Memento mori jewelry is the name given to sixteenth through eighteenth-century jewelry that was created as a reminder of the inevitability of death and the need to live piously. Translation from the Latin, “remember you must die,” is very clearly indicative of the objective of the theme. Skulls, skeletons, and coffins, often worked in gold and enamel were the predominant motifs vividly illustrating the underlying sentiment of pending mortality.
Skull and bones pre-Georgian memento mori ring.
Mezzotint is an engraving technique developed in the seventeenth century which allows for the creation of prints with soft gradations of tone and rich and velvety blacks. Mezzotint prints are made from an engraved copper or steel plate on which the surface has been partially roughened, for shading, and partially scraped smooth, giving light areas. The technique was much used in the 17th, 18th, and early 19th centuries for the reproduction of paintings.
John Martin, Plate from “Illustrations to the Bible”: Belshazzar’s Feast, published 1835. Image via The Tate Museum.
Italian for ‘thousand flowers’ — a decorative glass-making technique. The ‘flowers’ are made from transverse slices of colored glass canes, which are embedded in a clear glass body when it is still in a molten state. Although the technique was used in early Egyptian and Roman mosaic glass, the name millefiori was not applied until the 16th century when it was revived in Venice. It has since been applied to vases, bowls, door knobs, paperweights and more.
Vintage Murano millefiori flower vase, image via Invaluable.
A mortise-and-tenon joint is a joint formed by cutting a hole or mortise, in one piece of wood into which is fitted a projecting piece, or tenon, from another. Sometimes glued or held firm by a wooden dowel. Hatnefer’s chair is a fine example of Egyptian woodworking (circa 1492–1473 B.C.). The various elements were assembled with mortise-and-tenon joinery, and pegs were used to hold the tenons in place. Pegs also fasten the braces to the back and seat. The joins were reinforced with resinous glue.

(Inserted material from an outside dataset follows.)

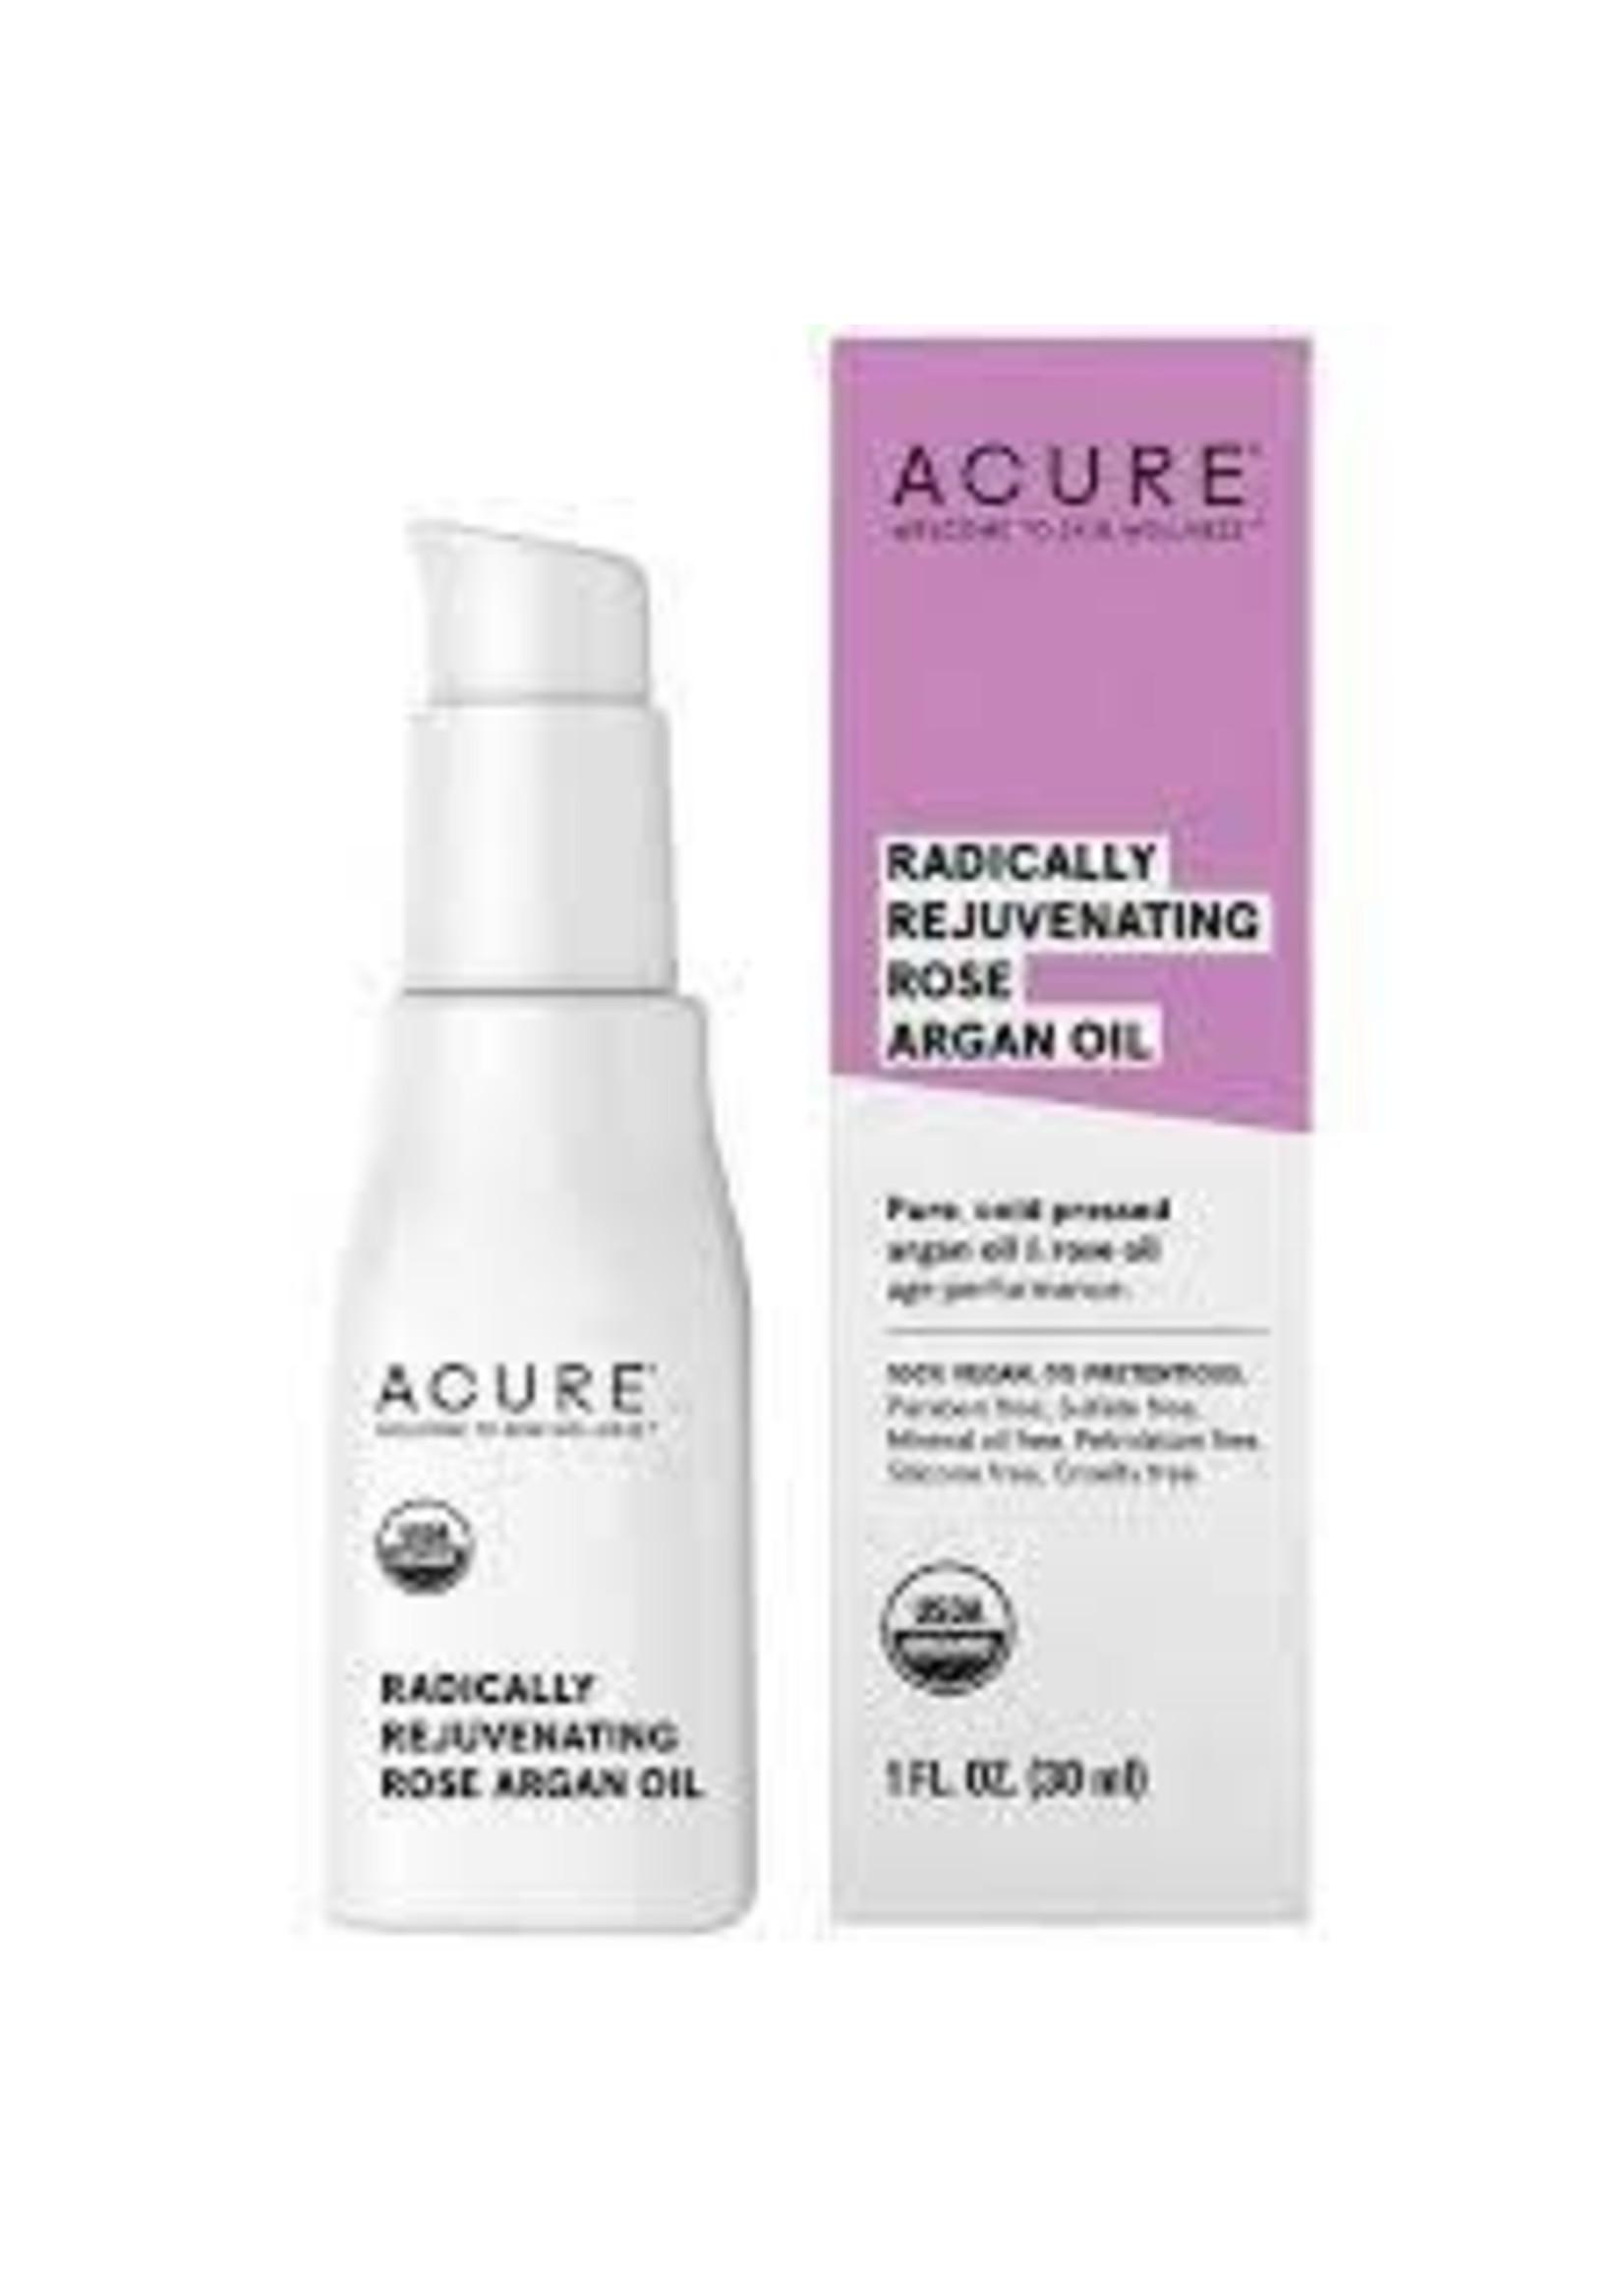 Acure Acure Radically Rejuvinating Rose Argan Oil 30ml

Image via The Metropolitan Museum of Art.
A monopodium is a decorative pedestal support used on tables and chairs, consisting of the head and one leg of an animal, usually a lion. The monopodium was first seen in Roman furniture, and was revived by late 18th century neoclassical designers such as Thomas Hope.
Table leg with goat head, Roman Imperial Period, 1st – 2nd century A.D. Image via the Museum of Fine Arts in Boston.